Amid ongoing tariff disruptions affecting the U.S. economy, Walmart has positioned itself strategically through its membership platform, Walmart+, which is increasingly driving both foot traffic and online sales.
According to information shared by the company with Finance Newso, Walmart+ subscribers accounted for nearly 50% of total spending on Walmart’s digital platforms during the last fiscal year, concluding in January. On average, members of Walmart+ engage in shopping twice as frequently and spend about three times more than non-subscribing customers.
This surge in Walmart+ becomes particularly pertinent as the retail giant grapples with a less-than-ideal outlook, which was further complicated by President Donald Trump’s recent tariff announcements that raised concerns over a potential global downturn.
As the leading grocery provider in the United States, Walmart holds a competitive advantage, especially during economic downturns, but the Walmart+ membership program is expected to provide additional resilience against tariff-related challenges by fostering customer loyalty and creating new revenue streams.
During a conversation with Finance Newso, Chief Growth Officer Seth Dallaire characterized Walmart+ as a “frequency driver,” noting significant increases in spending per subscriber and a rise in memberships thanks to Walmart+ Assist, an initiative that offers eligible customers a discounted membership rate.
Dallaire also mentioned that as the membership base expands, Walmart anticipates higher profitability, allowing it to maintain low grocery prices while investing in key competitive areas. The retailer can also leverage consumer data to enhance its advertising strategies—a growing, profitable aspect of its business—and refine its product offerings.
Walmart is expected to share insights into its retail operations and other alternative revenue avenues, including the membership program and advertising strategies, during an investor event in Dallas scheduled for Tuesday and Wednesday. The company is often viewed as a bellwether for consumer sentiment in the U.S. and may provide updates on the current economic climate.
Walmart+ propels e-commerce growth
In essence, Walmart+ serves as Walmart’s response to Amazon Prime, mirroring strategies employed by Amazon, which overtook Walmart in revenue for the first time during the last quarter of 2022.
Later this month, Walmart plans to enhance member retention by introducing Walmart+ Week, starting on April 28, featuring exclusive offers and deeper discounts on existing benefits like gas discounts and complimentary sandwiches from Burger King.
The annual fee for Walmart+ is $98, or $12.95 monthly, which partly contributes to the surge in its e-commerce division. The retailer has recorded 11 consecutive quarters of double-digit growth in online sales in the U.S., including a remarkable 20% growth in the latest quarter.
Though Walmart has not publicly disclosed the total number of Walmart+ subscribers, Consumer Intelligence Research Partners estimates that the program had around 25 million members by the end of January, a significant leap from approximately 11 million to 11.5 million in the fall of 2022.
However, Walmart+ still operates on a smaller scale compared to Amazon Prime, which was introduced in 2005 and boasts an estimated 190 million members in the U.S. Consumer surveys suggest that almost 75% of Amazon’s consumer base holds a Prime membership, while only 43% of Walmart.com users report having a Walmart+ membership.
Despite its smaller reach, Walmart+ is steadily attracting more subscribers. Just three years ago, a mere 23% of Walmart.com shoppers indicated they were Walmart+ members.

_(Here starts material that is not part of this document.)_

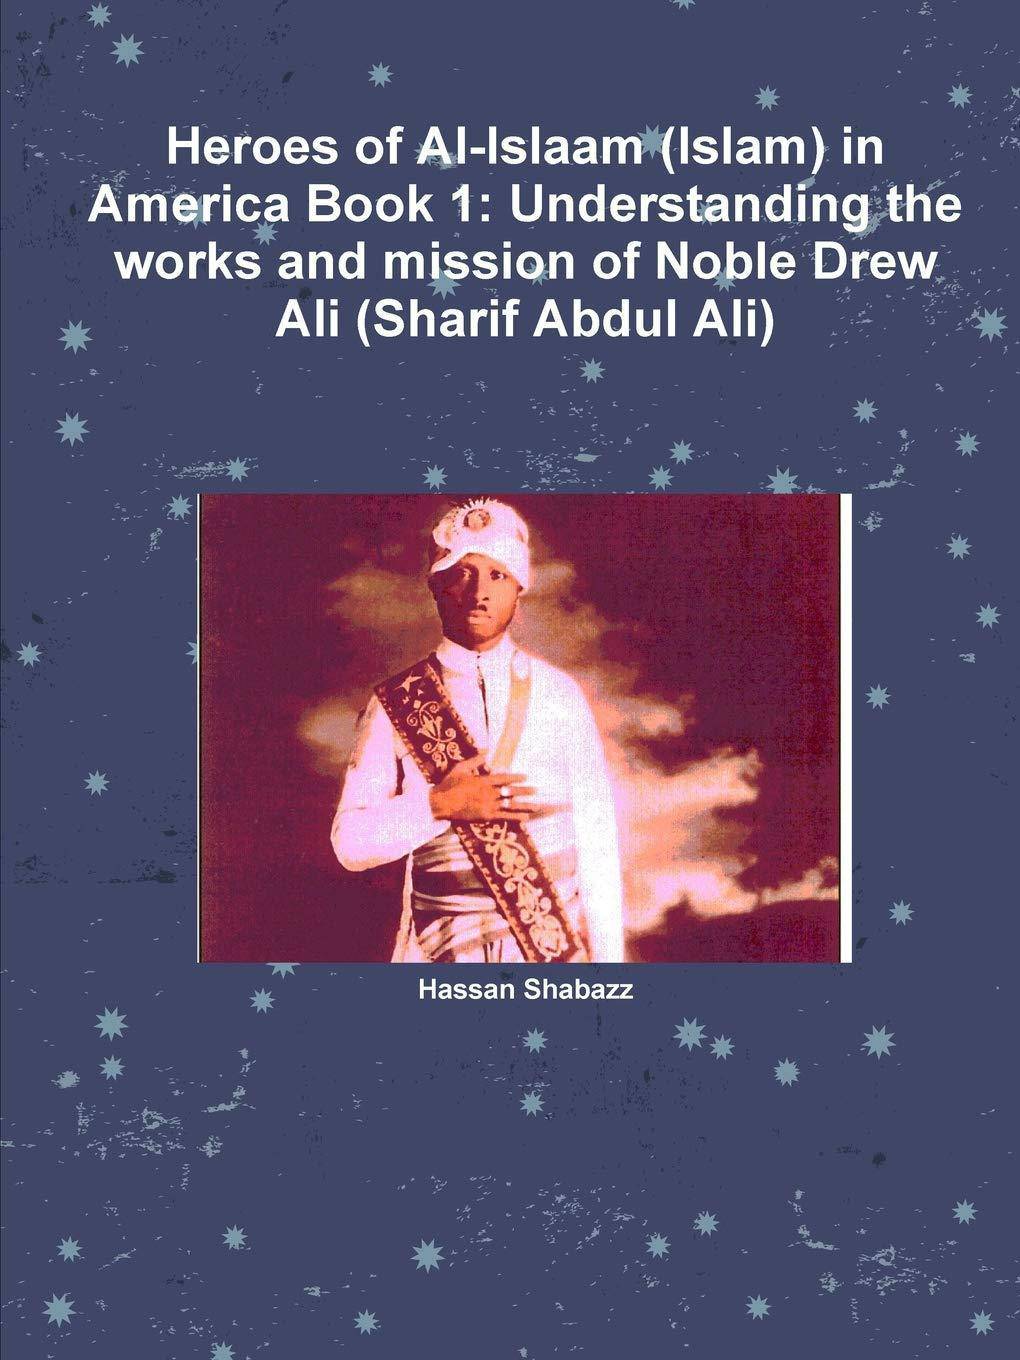 Heroes of Al-Islaam (Islam) in America Book 1 - SureShot Books Publishing LLC

Impending tariffs create uncertainty
The timing of Walmart’s investor event coincides with the impending implementation of significant tariffs affecting several key manufacturing countries for the retailer, including China, Vietnam, and Cambodia. These new duties are anticipated to begin on Wednesday, following the recent introduction of a 10% tariff on Saturday.
Earlier this year, Walmart released its sales forecast for the coming year without factoring in the anticipated tariff adjustments. In late February, the retailer projected a 3% to 4% increase in net sales and adjusted operating income growth of 3.5% to 5.5% based on constant currency. The forecast considered a 1.5 percentage point challenge stemming from the acquisition of smart TV company Vizio and next year’s leap year effect. At that time, Walmart indicated it expected adjusted earnings of $2.50 to $2.60 per share, including a 5 cent per share currency headwind.
Growing uncertainties surrounding international trade have aroused concerns of a potential recession, with consumer confidence slipping to its lowest level since 2022, according to a recent University of Michigan survey.
Retailers are bracing for the ramifications of the tariffs, and while Walmart may not be entirely shielded from their effects, analysts like Seth Sigman from Barclays believe the company is better prepared than its competitors. Being the largest grocery retailer in the nation, Walmart’s business model is considered more resilient during economic slowdowns, allowing the company to negotiate with suppliers over cost increases and absorb some of those costs. Furthermore, as a recognized value retailer, it stands to benefit from shifts in consumer preferences towards lower prices amidst economic strain.
Moreover, the introduction of revenue-generating initiatives like Walmart+ enhances profitability while fostering stronger customer loyalty.